Data extract:
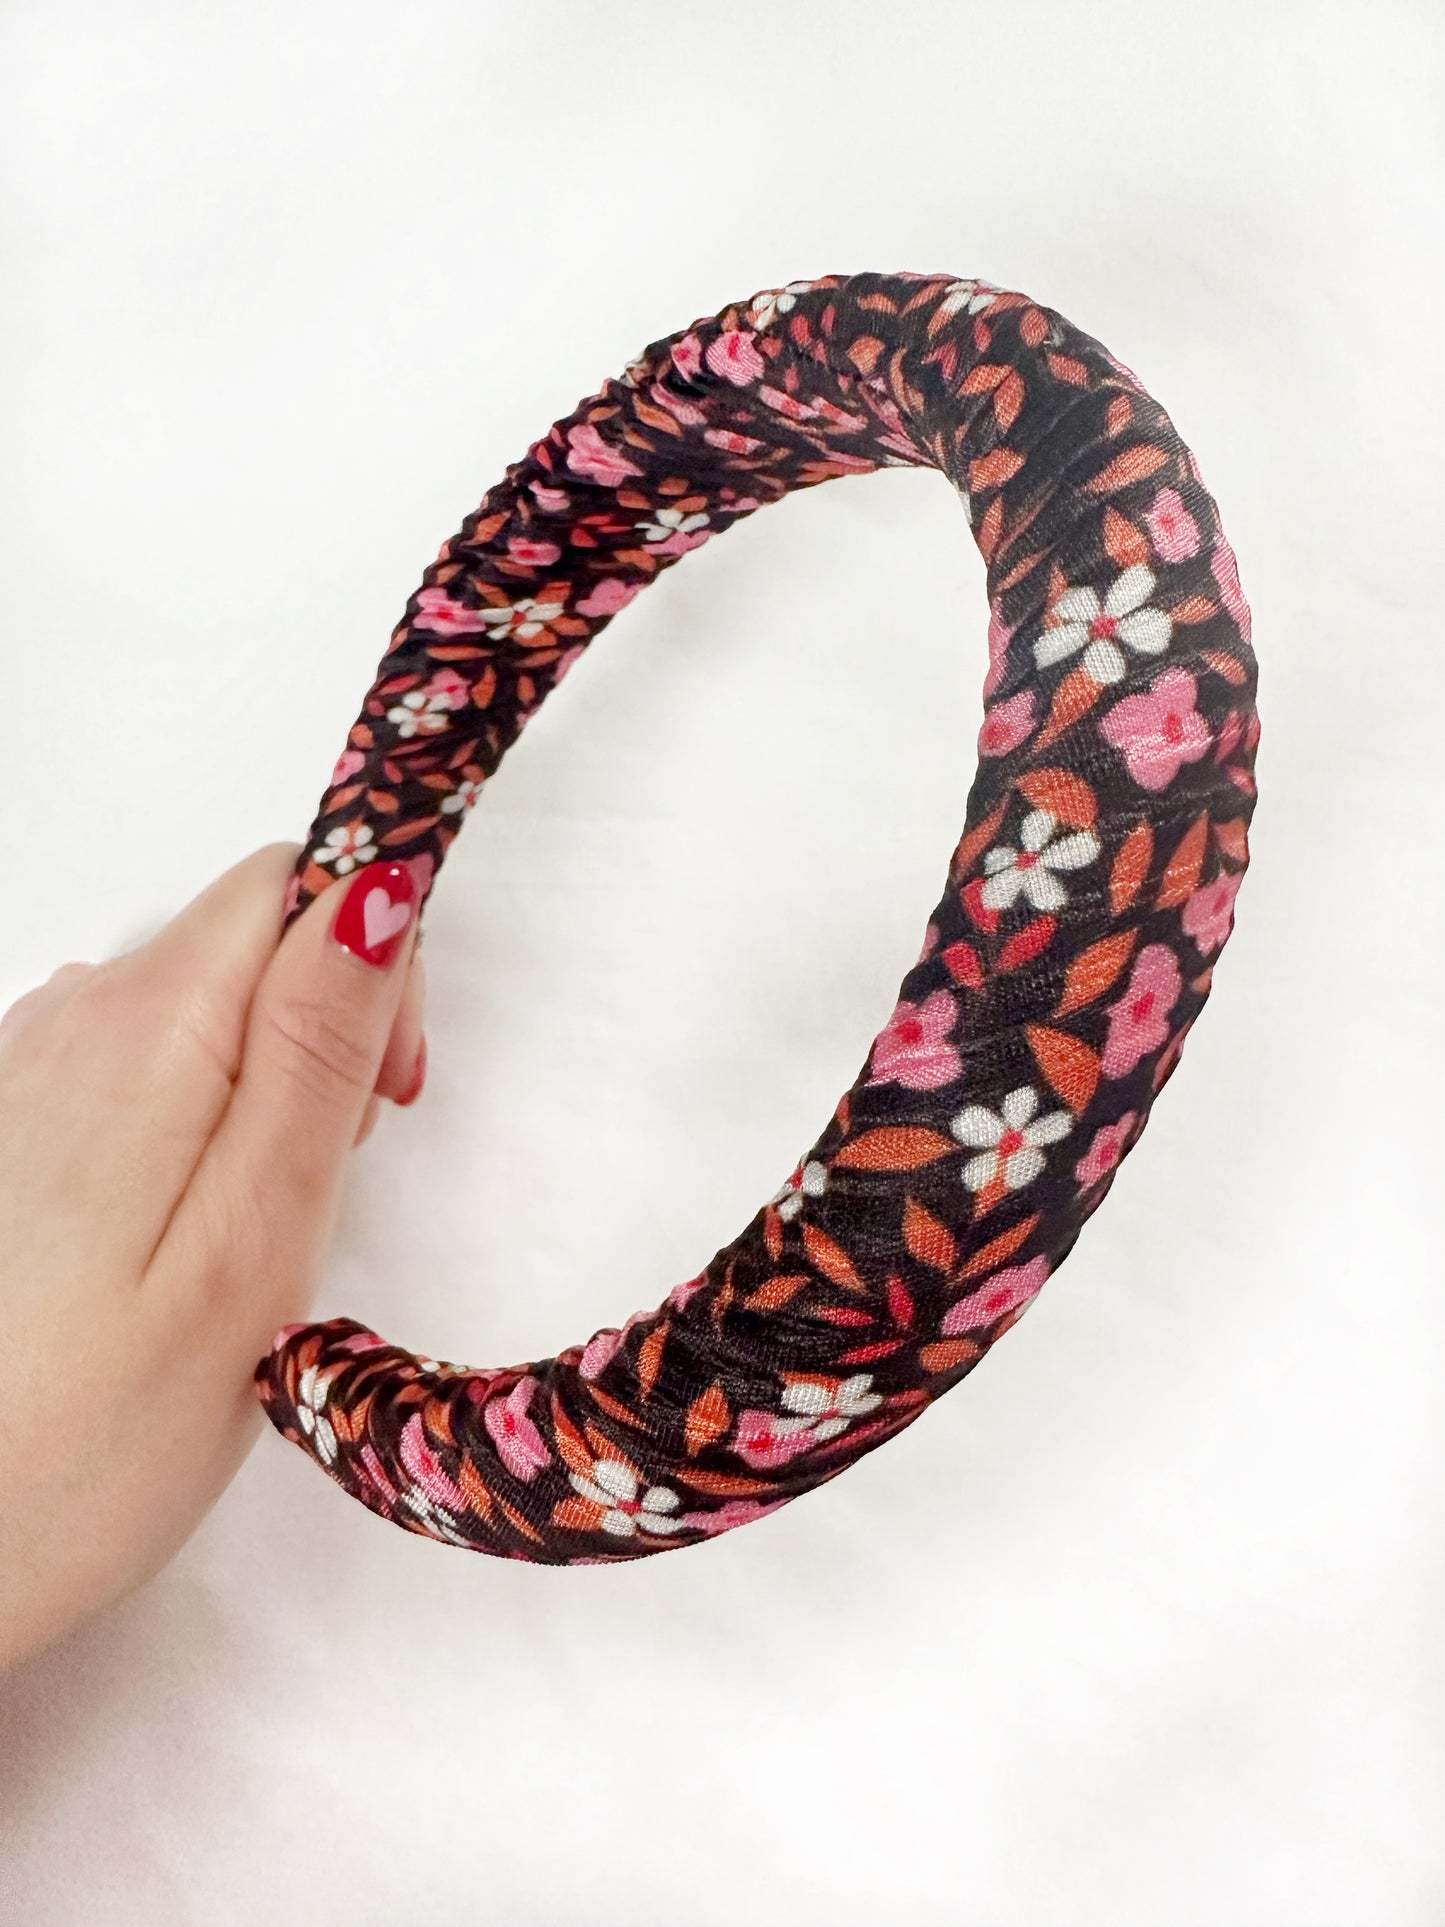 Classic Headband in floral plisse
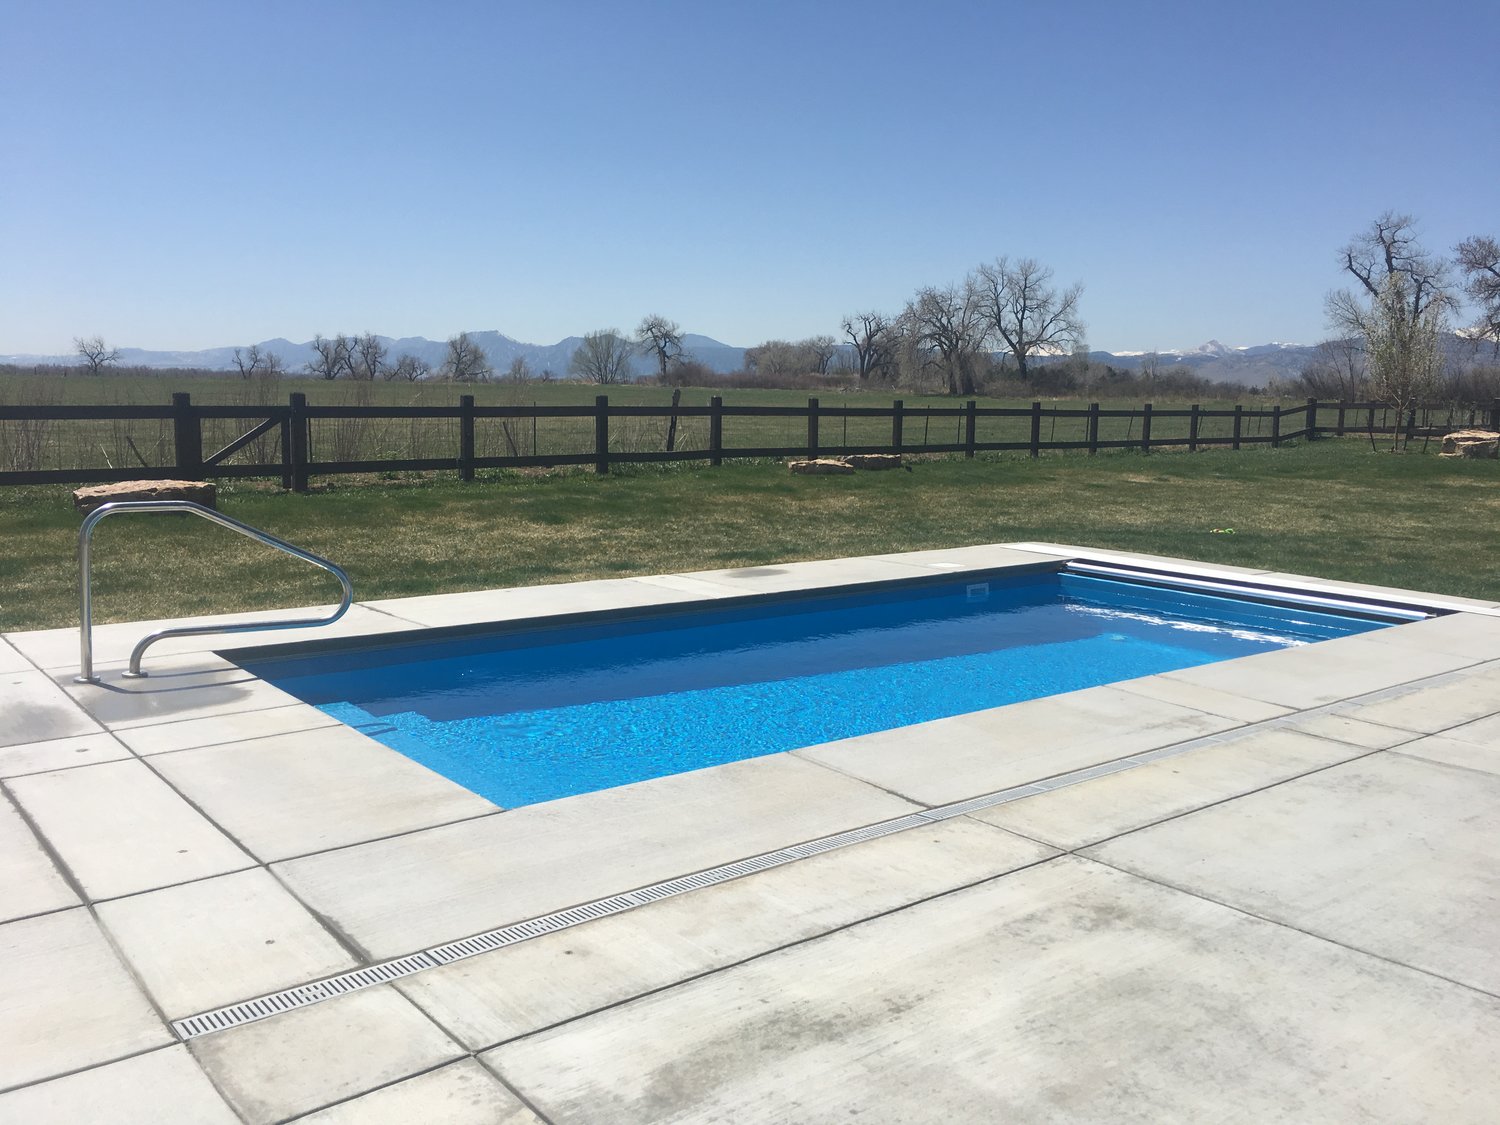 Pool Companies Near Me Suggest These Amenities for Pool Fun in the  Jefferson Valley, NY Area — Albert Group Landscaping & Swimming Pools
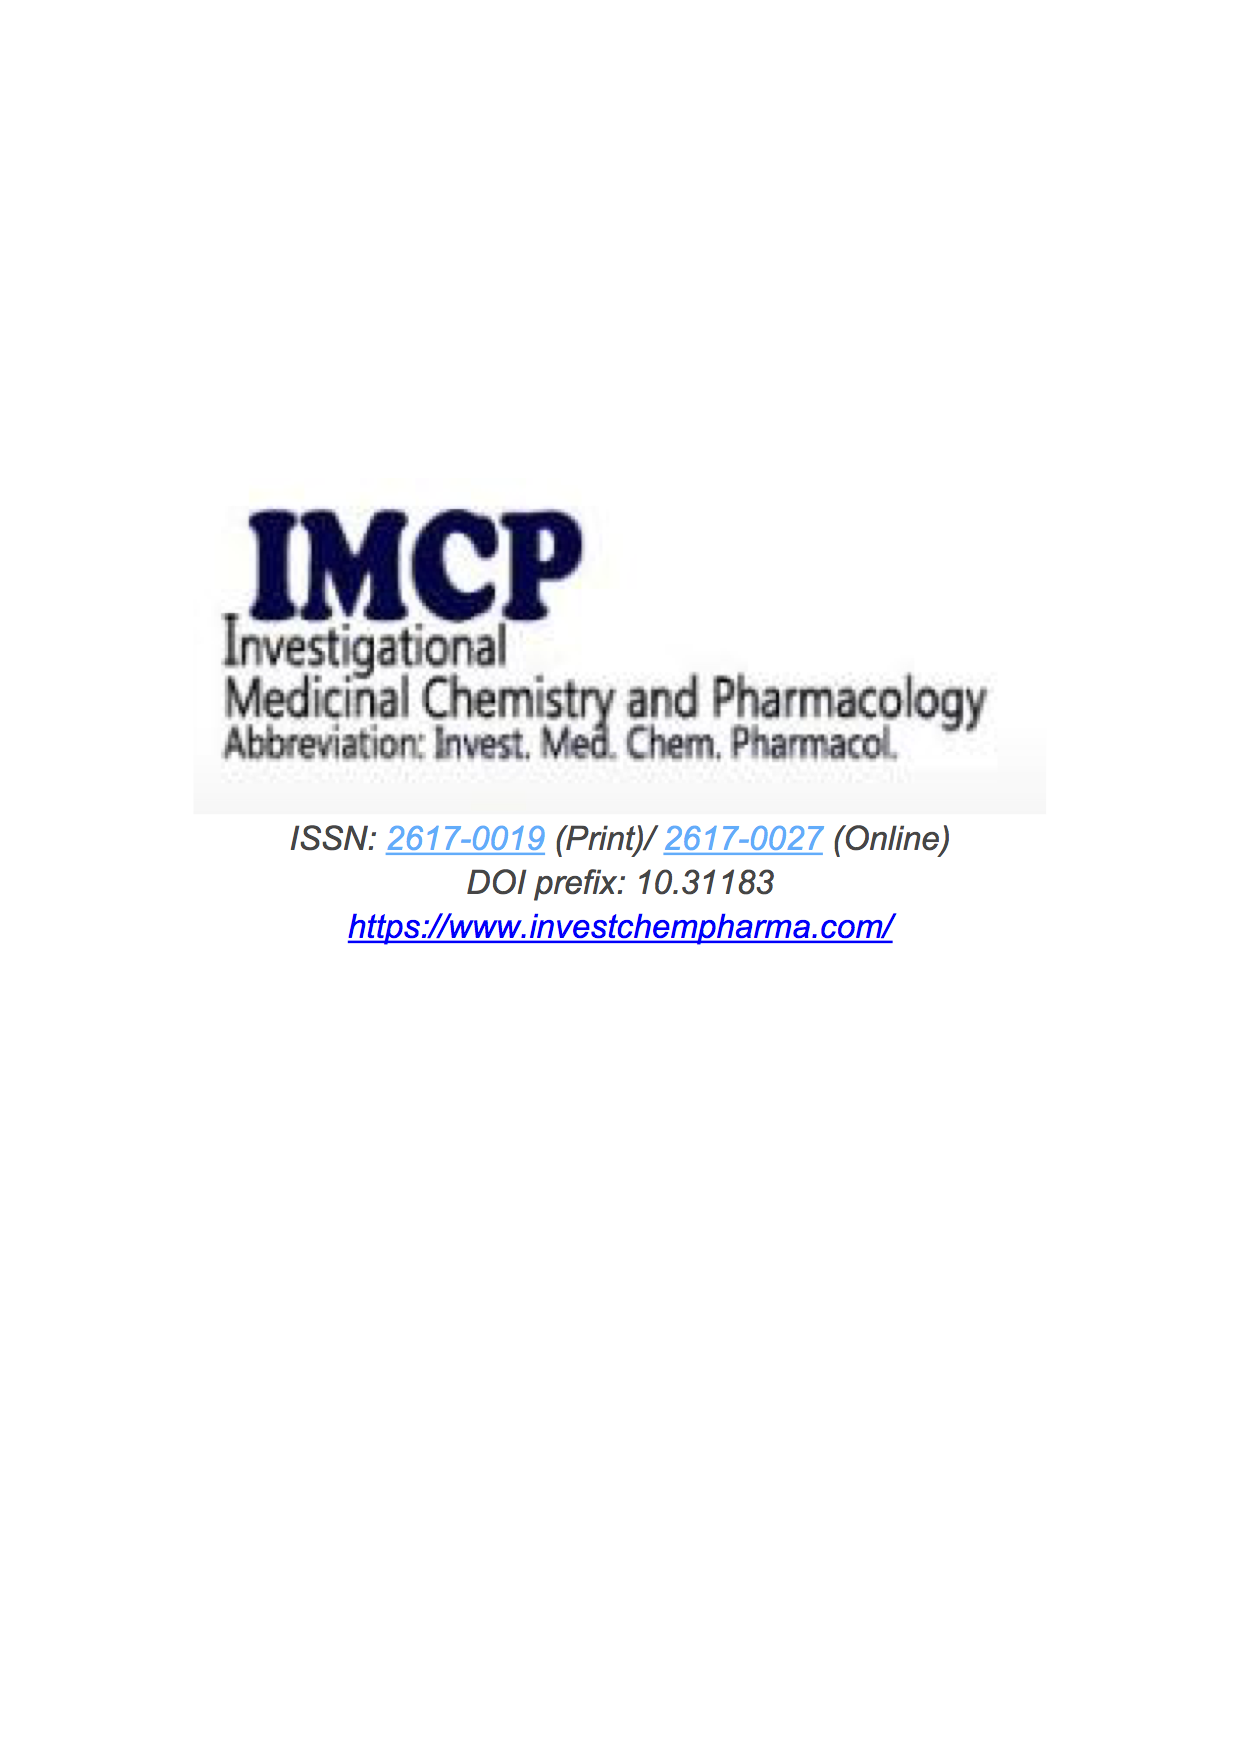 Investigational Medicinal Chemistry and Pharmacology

What is required:
Set down all the material exactly once more. No pictures.

Task response:
 Classic Headband in floral plisse
 Pool Companies Near Me Suggest These Amenities for Pool Fun in the  Jefferson Valley, NY Area — Albert Group Landscaping & Swimming Pools
 Investigational Medicinal Chemistry and Pharmacology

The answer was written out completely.